Bloomberg and Obama: A More ‘Complicated' Relationship Than Ads Suggest

Bloomberg's ads make it seem as though the former president endorsed him

In this file photo, Democratic presidential nominee Barack Obama and New York City Mayor Michael Bloomberg talk at Ground Zero on the seventh anniversary of the terrorist attacks September 11, 2008 in New York City.
Shannon Stapleton-Pool/Getty Images

Michael Bloomberg is touting his relationship with Barack Obama in a pair of new TV ads backed by $16 million so far. If you didn't know better, the spots might lead you to believe the former president had endorsed the former mayor of New York.

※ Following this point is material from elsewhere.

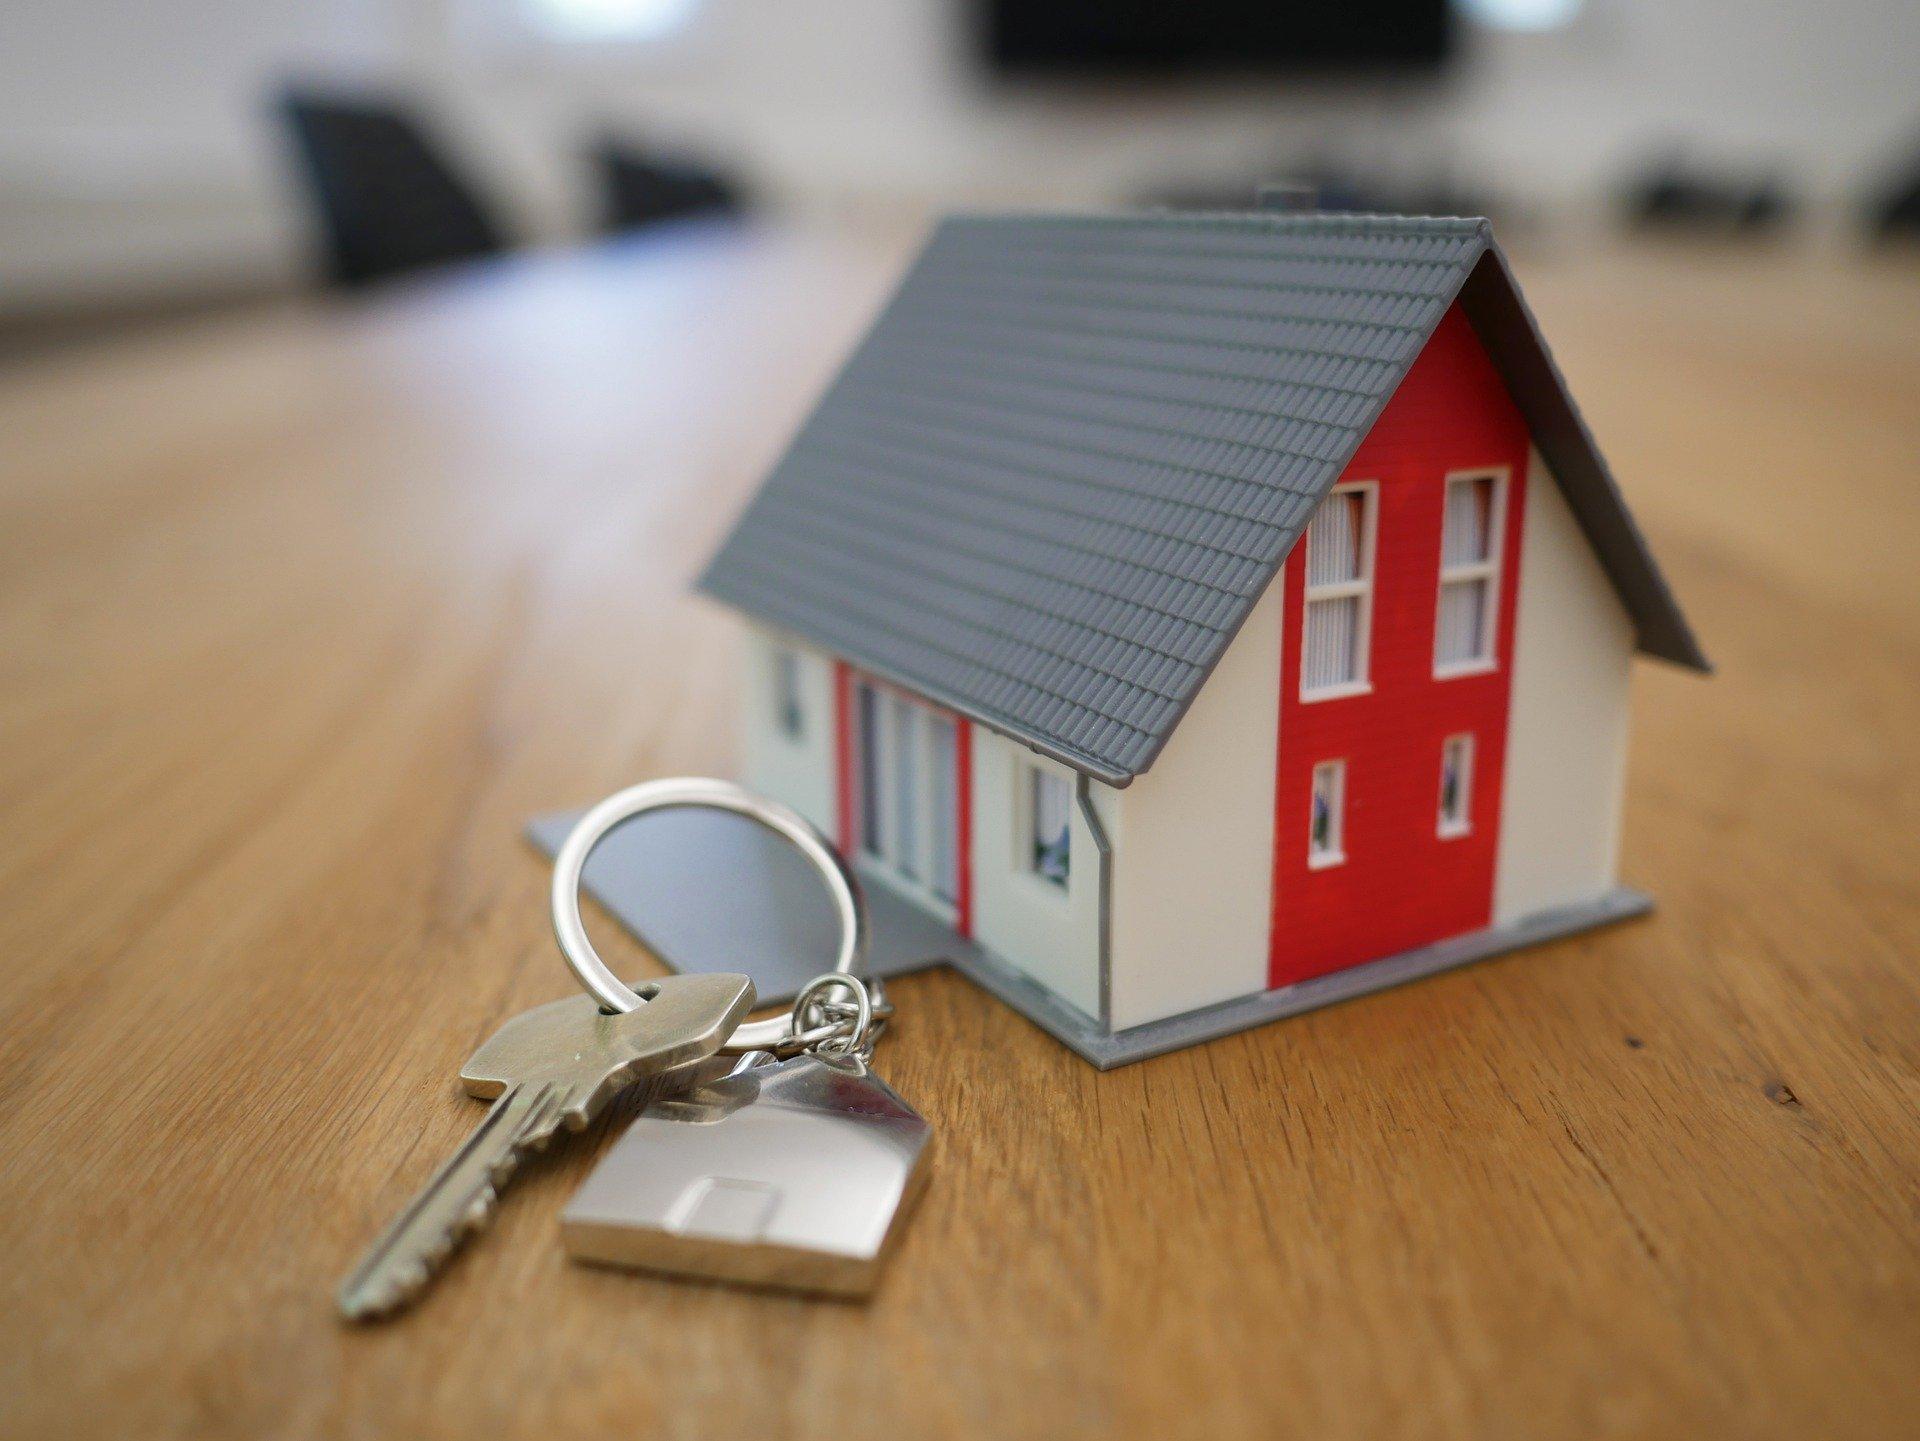 Huizenkopers wijken uit naar Overijssel, Groningen, Flevoland en Drenthe

He has not, as several Obama alumni have been quick to point out, NBC New s reported. The billionaire New Yorker, like many other candidates, is seeking to align himself with the former president, who is the most popular figure in the Democratic party. And the vision the ads conjure up of a close partnership between "a great president and an effective mayor" leaves out the repeated criticism on a variety of issues that Bloomberg has leveled at Obama.

Bloomberg did not endorse Obama during his first run for the White House in 2008. Obama, in turn, did not back Bloomberg during his final mayoral run in 2009. And Bloomberg waited until the last week of the 2012 presidential race to back Obama's re-election over Republican Mitt Romney, and his op-ed doing so included as much criticism as it did praise.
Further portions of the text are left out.